Por Giulliano Martini
Chuva contínua durante a madrugada manteve a situação crítica em Niscemi, onde a frana que desloca a colina segue ativa. Ao longo das últimas horas foram registrados ruídos e novos cedimentos no frente de escorregamento; técnicos da Proteção Civil e os bombeiros realizaram vários sopralluoghi para avaliar os riscos, sem registro de desabamentos significativos até o momento.
O deslizamento prossegue em movimento no sentido sul e já comprometeu a circulação em pontos-chave do município. “Poderia criar dificuldades à viabilidade já fortemente comprometida”, alertou o comandante dos bombeiros de Caltanissetta, Salvatore Cantale. A preocupação cresce pela previsão de novas chuvas nos próximos dias, que pode ampliar a área classificada como zona vermelha — atualmente delimitada em cerca de 150 metros, com as transennações colocadas a 50 metros da praça principal — e aumentar o número de evacuados.

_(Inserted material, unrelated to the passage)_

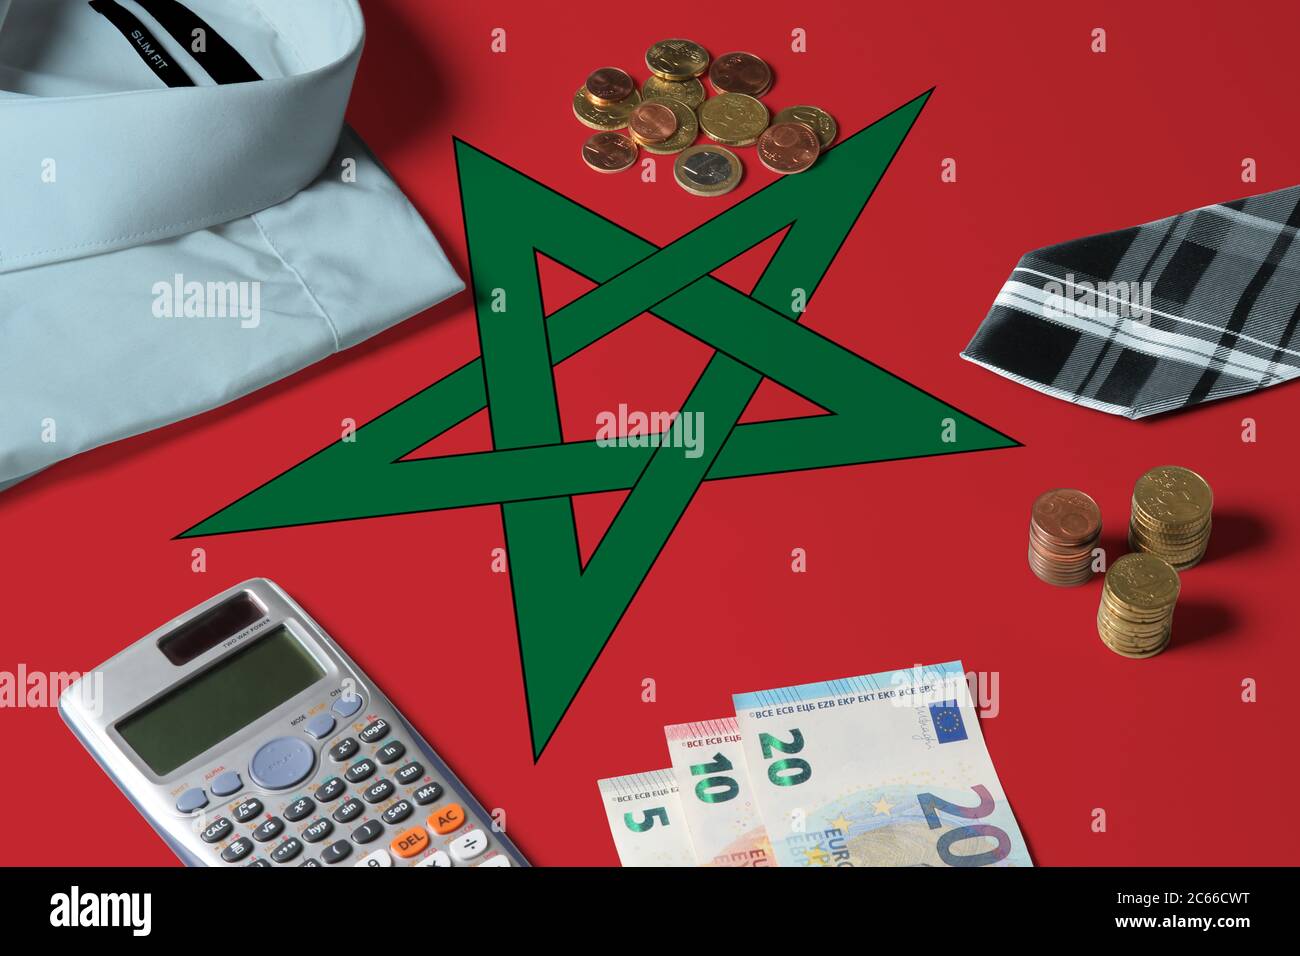 Marokko Flagge auf Minimal Money Concept Table. Münzen und Finanzobjekte auf Flaggenoberfläche. Thema der Volkswirtschaft. Stockfoto

Três escolas situadas na área de risco permanecerão fechadas no retorno das aulas e suas turmas serão realocadas para estabelecimentos considerados agíveis. As autoridades confirmaram o restabelecimento do fornecimento de gás metano nas áreas onde havia sido interrompido por segurança.
A Procura de Gela abriu inquérito por desastre culposo e danneggiamento, motivando comentários públicos do presidente da Região Siciliana, Renato Schifani. Em entrevista ao Corriere della Sera, Schifani declarou: “A procúra, justamente, que faça a sua parte” e defendeu que, no momento, sua prioridade é “a solução dos problemas”. Ainda segundo o presidente regional, há uma dinâmica de responsabilidades a ser apurada: atrás das casas que escorregam na lama estariam trinta anos de projetos não executados, financiamentos perdidos e alertas ignorados.
Em contraste com essas acusações, o vice-comissário da estrutura regional para o dissesto hidrológico informou que, nos últimos nove anos, o Comune não encaminhou pedidos formais de intervenção. Schifani ressaltou que a situação ainda está em evolução e que somente com a interrupção das chuvas será possível dimensionar com maior precisão os danos.
Ontem, a visita do presidente do Conselho ao local foi classificada como “um sinal forte e encorajador” para as populações afetadas, segundo Schifani, que garantiu a “vontade de intervir com rapidez e concretude” e a necessidade de coordenação entre as instituições para avaliar os danos e assegurar intervenções proporcionais. Para ampliar recursos, a região está avaliando o desengajamento de fundos não executados por obras ferroviárias, atendendo ao pedido da premiera.
Enquanto isso, o conselho de presidência da ANCE Sicília manifestou “plena e total solidariedade” às comunidades atingidas pelo ciclone “Harry” e, em particular, aos moradores de Niscemi, que enfrentam a tragédia do deslizamento.
Relato baseado em apuração in loco e cruzamento de fontes oficiais: a realidade traduzida sem ruído, com atenção às medidas emergenciais, à evolução meteorológica e ao acompanhamento do inquérito judicial.